Functions and derivative

[ChufanSuki]

Vector and matrix

vector: $\mathbf{x} \in \mathbb{R}^d$

matrix: $A \in \mathbb{R}^{m\times n}$

\langle \mathbf{x},\mathbf{y} \rangle = \mathbf{x}^T \mathbf{y} = \mathbf{y}^T \mathbf{x}

A \in \mathbb{R}^{m\times n},B \in \mathbb{R}^{p\times n}, C=A \cdot B^T 

\langle A, B \rangle = \sum_{i,j} A_{ij}B_{ij} = \sum_{i=1}^{n} C_{ii}=tr(C)=tr(A \cdot B^T) = tr(B^T \cdot A)

\langle \mathbf{x},\mathbf{y} \rangle=tr(\mathbf{x}^T \mathbf{y})= \mathbf{x}^T \mathbf{y} = tr(\mathbf{y} \mathbf{x}^T)

Function

linear function $f(x)=Ax+b$, $\mathbf{x} \in \mathbb{R}^d$, $A \in \mathbb{R}^{n \times d}$, $\mathbf{b} \in \mathbb{n}$.

The derivative of a function of one variable is itself a function of one variable– it simply is (roughly) defined as the linearization of a function.

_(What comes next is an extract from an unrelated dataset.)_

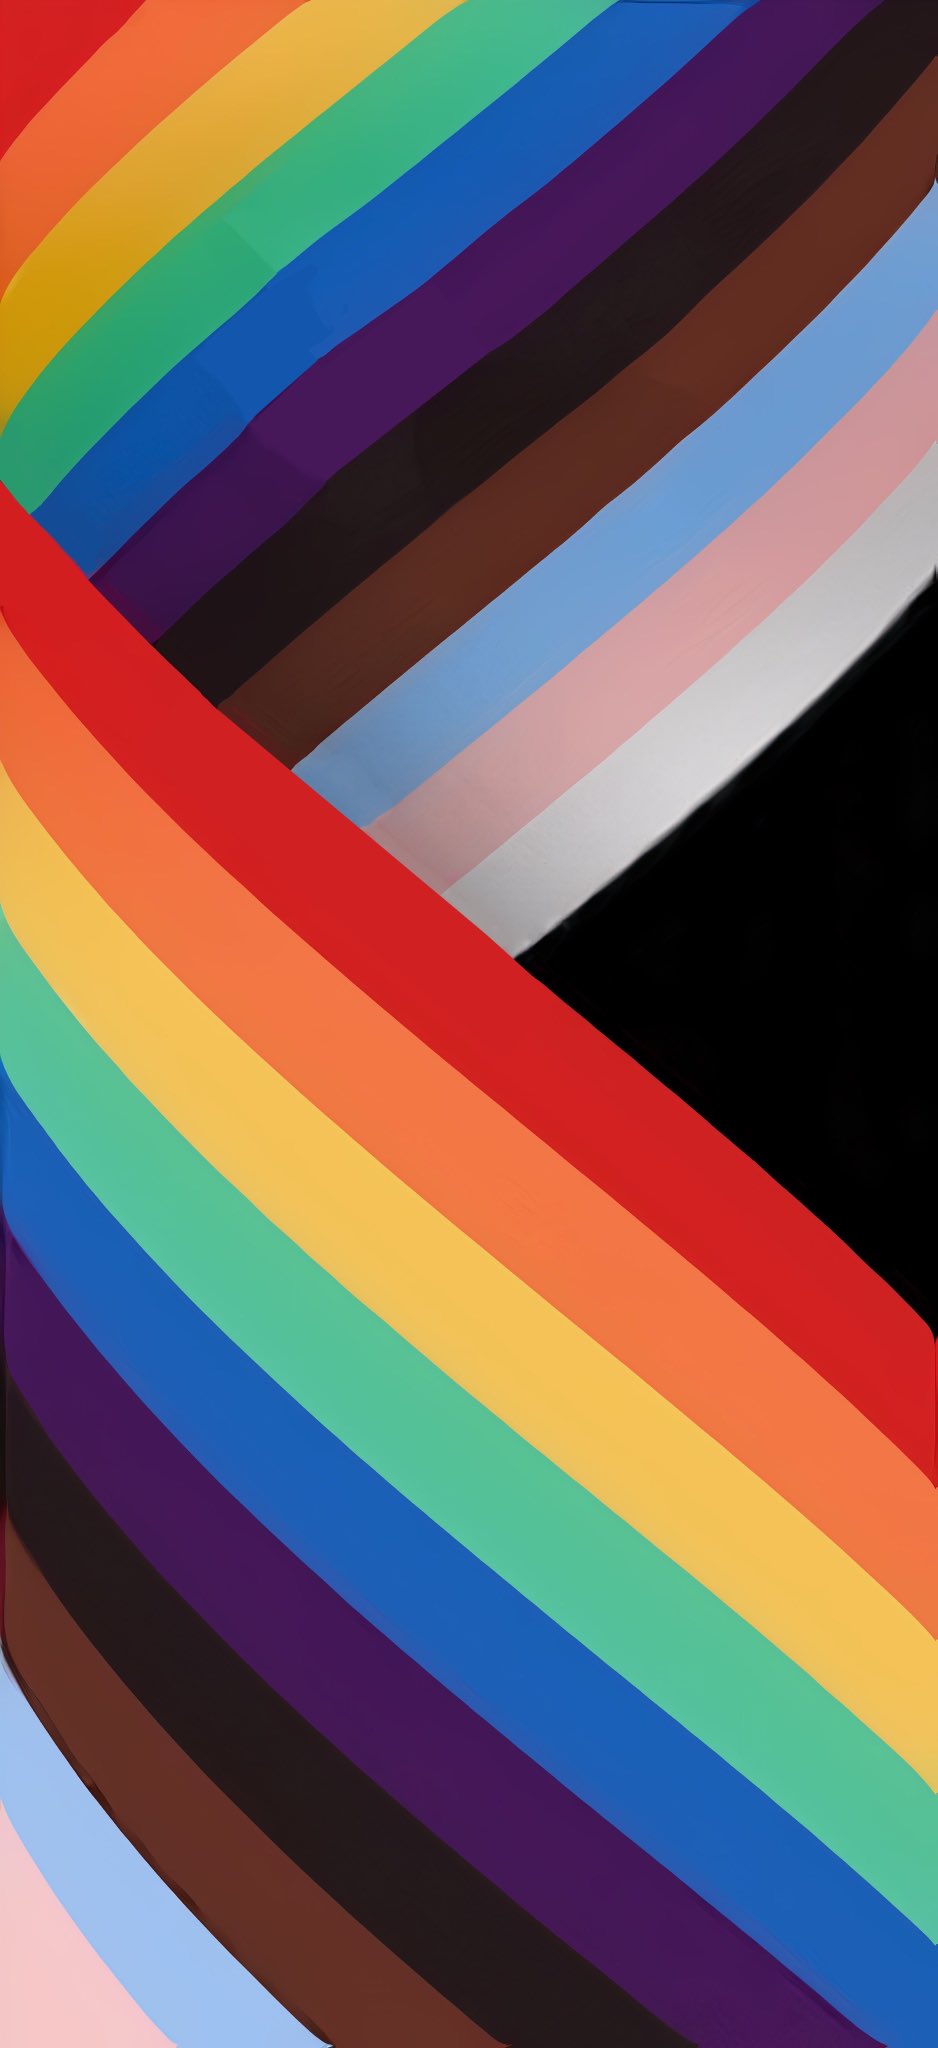 Nếu bạn đang tìm kiếm một hình nền thú vị và đầy cảm hứng, iOS 16 Pride Wallpaper sẽ là sự lựa chọn hoàn hảo cho bạn. Với các màu sắc chói lóa và thông điệp ý nghĩa về tình yêu đồng tính, chúng sẽ giúp bạn thể hiện quan điểm và sự ủng hộ cho cộng đồng LGBTQ.

f(x): \mathbb{R} \rightarrow \mathbb{R}, f'(x)=\lim_{x\rightarrow 0} \frac{f(x+h)-f(x)}{h}

f(x+h)=f(x)+f'(x)h+o(\vert h\vert)

df=f'(x)dx

$dx$ and $dy$ are called infinitesimals.

In the multivariable case, what $h \rightarrow 0$ means is less clear, as there are many directions in which one could approach a point in $\mathbb{R}^n$.

Given a vector $\mathbf{d}$ with the same dimension as $\mathbf{x}$, we could consider the limit

\nabla f(\mathbf{x})[\mathbf{d}]:=\lim _{t \rightarrow 0} \frac{f(\mathbf{x}+t \mathbf{d})-f(\mathbf{x})}{t},

which may be thought of as a function of both $\mathbf{x}$ and $\mathbf{d}$. If we want a definition for the multidimensional derivative $\frac{d f}{d \mathbf{x}}$ at a given point $\mathbf{x}$, it should not depend on $d$.

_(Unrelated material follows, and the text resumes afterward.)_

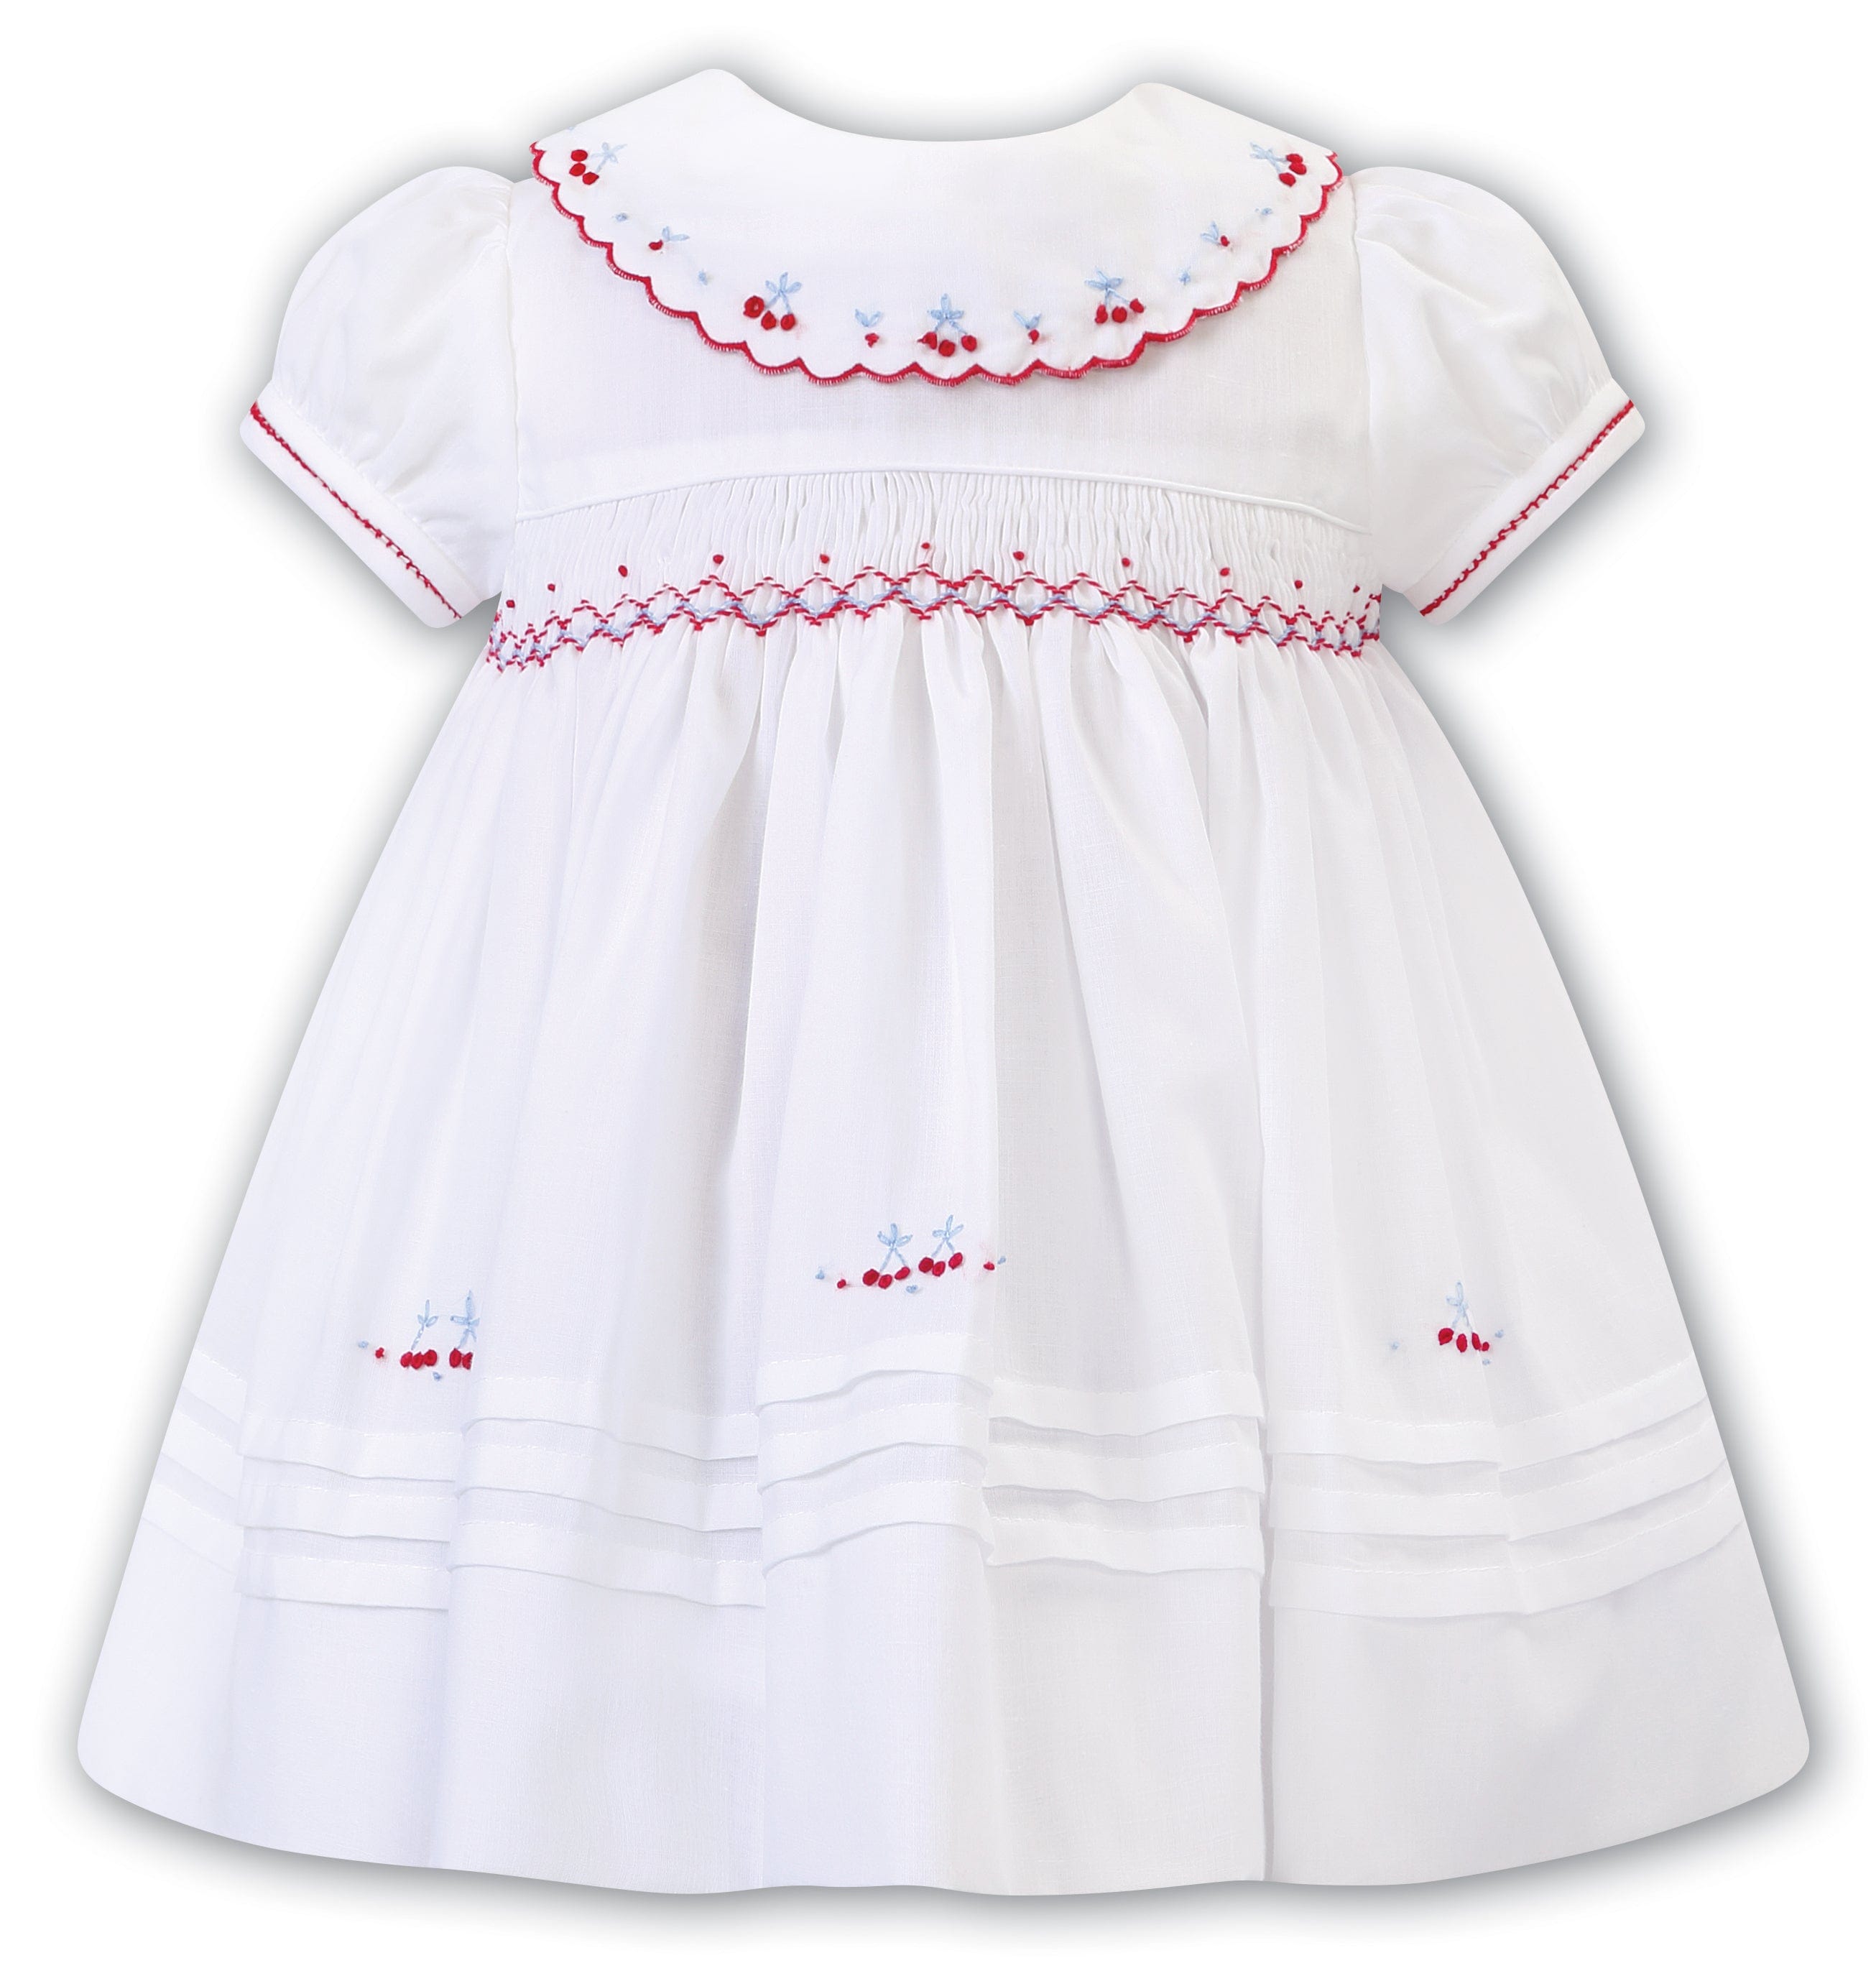 SARAH LOUISE -  Smocked Bib Collar With Cherry Detail Dress - White

It turns out, assuming that the function $f$ is differentiable, that there exists a vector $\nabla f$ such that $\nabla f(\mathbf{x})[\mathbf{d}]=\nabla f(\mathbf{x}) \cdot \mathbf{d}$ for all $\mathbf{d} \in \mathbb{R}^n$, allowing us to separate the direction $\ \mathbf{d}$ and the actual multidimensional derivative.

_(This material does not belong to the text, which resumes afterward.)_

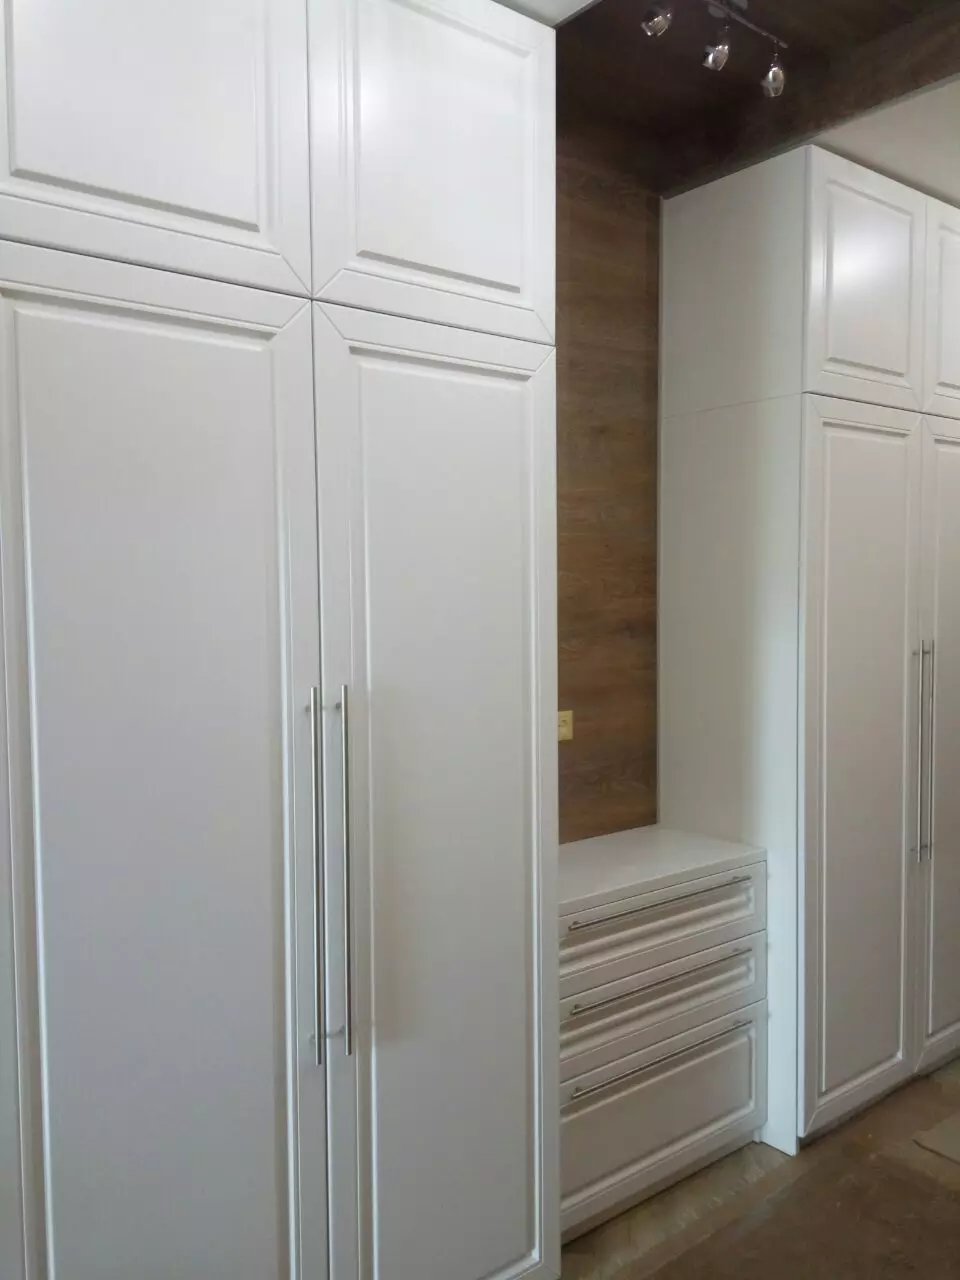 Swing Cabinets i korridoren (57 bilder): Granskning av skåp med svängdörrar och med mezzanin i korridoren, fasader design 9161_19

In particular, the expression for this $\nabla f(\mathbf{x})$ that satisfies the above property is

\nabla f(\mathbf{x})=[\begin{array}{llll}
\frac{\partial f}{\partial x_1} & \frac{\partial f}{\partial x_2} & \ldots & \frac{\partial f}{\partial x_n}
\end{array}] .

This gets the name "gradient" as it represents the set of slopes around a point as one moves one unit in each dimension parallel to the $n$ axes.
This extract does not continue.